Für jeden Geschmack sei etwas dabei, so Demmin. „Es ist ein kleines, aber feines Schusterfest.“ Er freue sich auch auf das Rennen am Nachmittag, wenn die Seifenkisten die Bahnhofstraße „runterknacken“. Die Stadt habe extra ein Geschwindigkeitsmessgerät aufgestellt. Es müsse aber keiner Angst haben, dass er zu schnell unterwegs sei: „Keiner wird bestraft.“

Mancher knatterte tatsächlich mit einem rasanten Tempo die Strecke hinab. Die Höchstgeschwindigkeit lag bei 31,3 Stundenkilometern. Einige Piloten landeten in den Strohballen, weil sie nicht mehr rechtzeitig bremsen oder die Kurve kriegen konnten. Andere dagegen verhungerten auf der Strecke und bekamen von den Streckenposten der Jugendfeuerwehr oder den Zuschauern einen liebevollen Schubs, damit sie überhaupt die Ziellinie erreichten.

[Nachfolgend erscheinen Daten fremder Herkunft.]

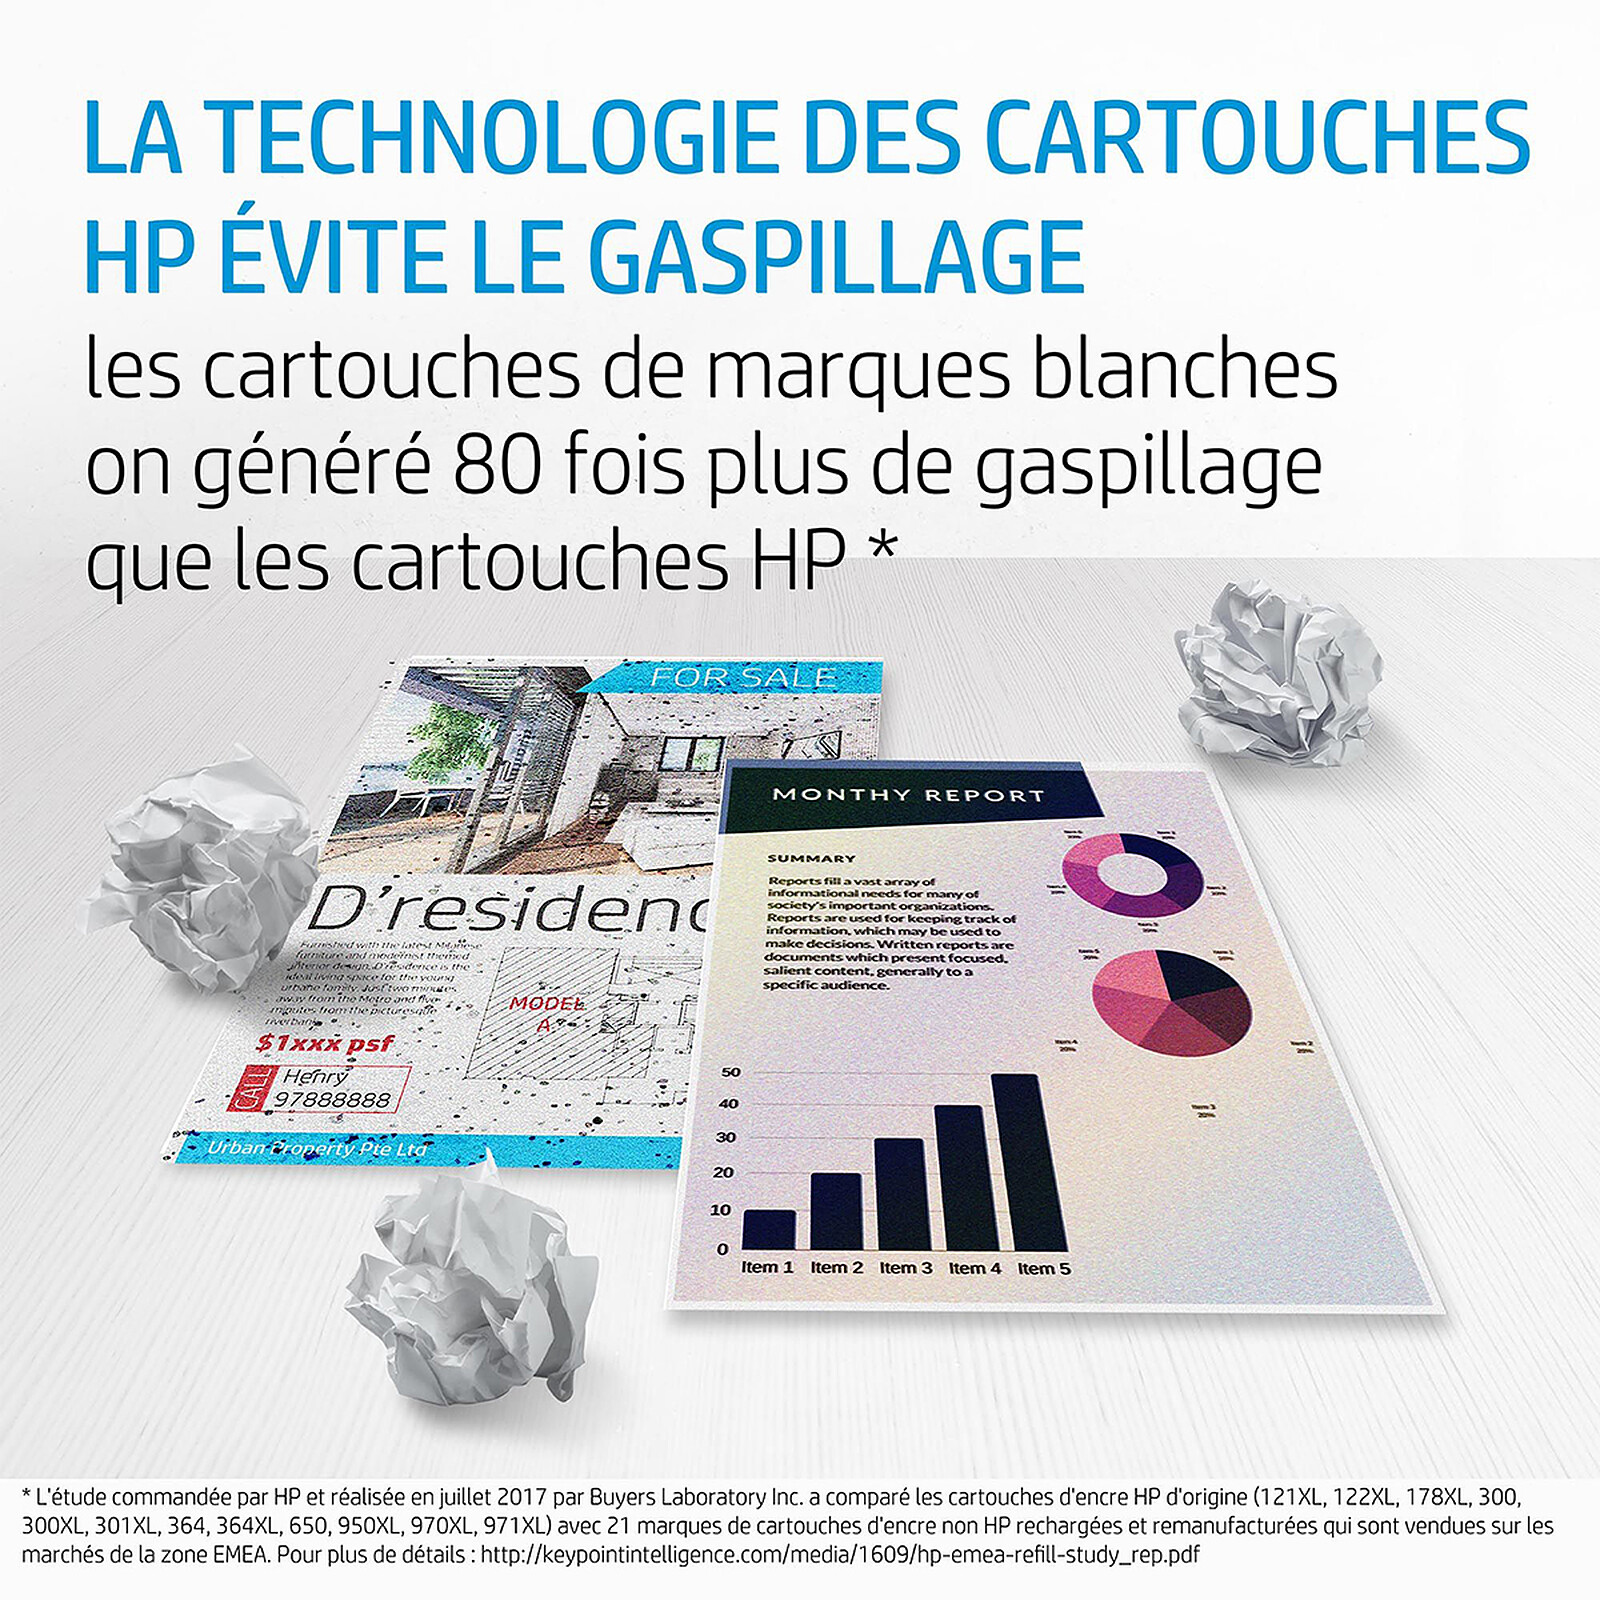 Cartouche d'encre HP 903 noire + 3 couleurs

Ein Feuerwehrauto mit Blaulicht, ein Opti mit Segel oder ein Ruderboot sausten an den Zuschauern vorbei, die die Piloten lautstark anfeuerten. Besonders viel Sympathie erweckte das lahme Schweinchen, das immer wieder neuen Schwung benötigte. Dafür gewann die „Rennsau Wilma“ mit Pilotin Ida Baier (9) einen Sonderpreis als originellste Seifenkiste. Den ersten Platz belegte Alina Heer mit der Bestzeit von 36,82 Sekunden, gefolgt von Tom Meyer (37,91 Sekunden) und Lasse Petersen (38,83 Sekunden). Sie wurden mit einem Pokal, Kino- und Eisgutscheinen sowie Taschengeld belohnt. Alle Teilnehmer erhielten außerdem eine Medaille und eine Urkunde mit ihrer gemessenen Zeit.

Auch das Musikprogramm kam gut an – ob nun die schmissigen Klänge des Musikzugs Plön, die tolle Stimme von Anja Lindner, die mitreißenden Songs des Preetzer Duos Two Different Ways oder der rockige Abschluss mit den Bands No Tricks und Lake. Auch die Polizei meldete ein friedliches Fest. „Klein, aber fein“ – die Ankündigung von Bürgermeister Björn Demmin traf es auf den Punkt.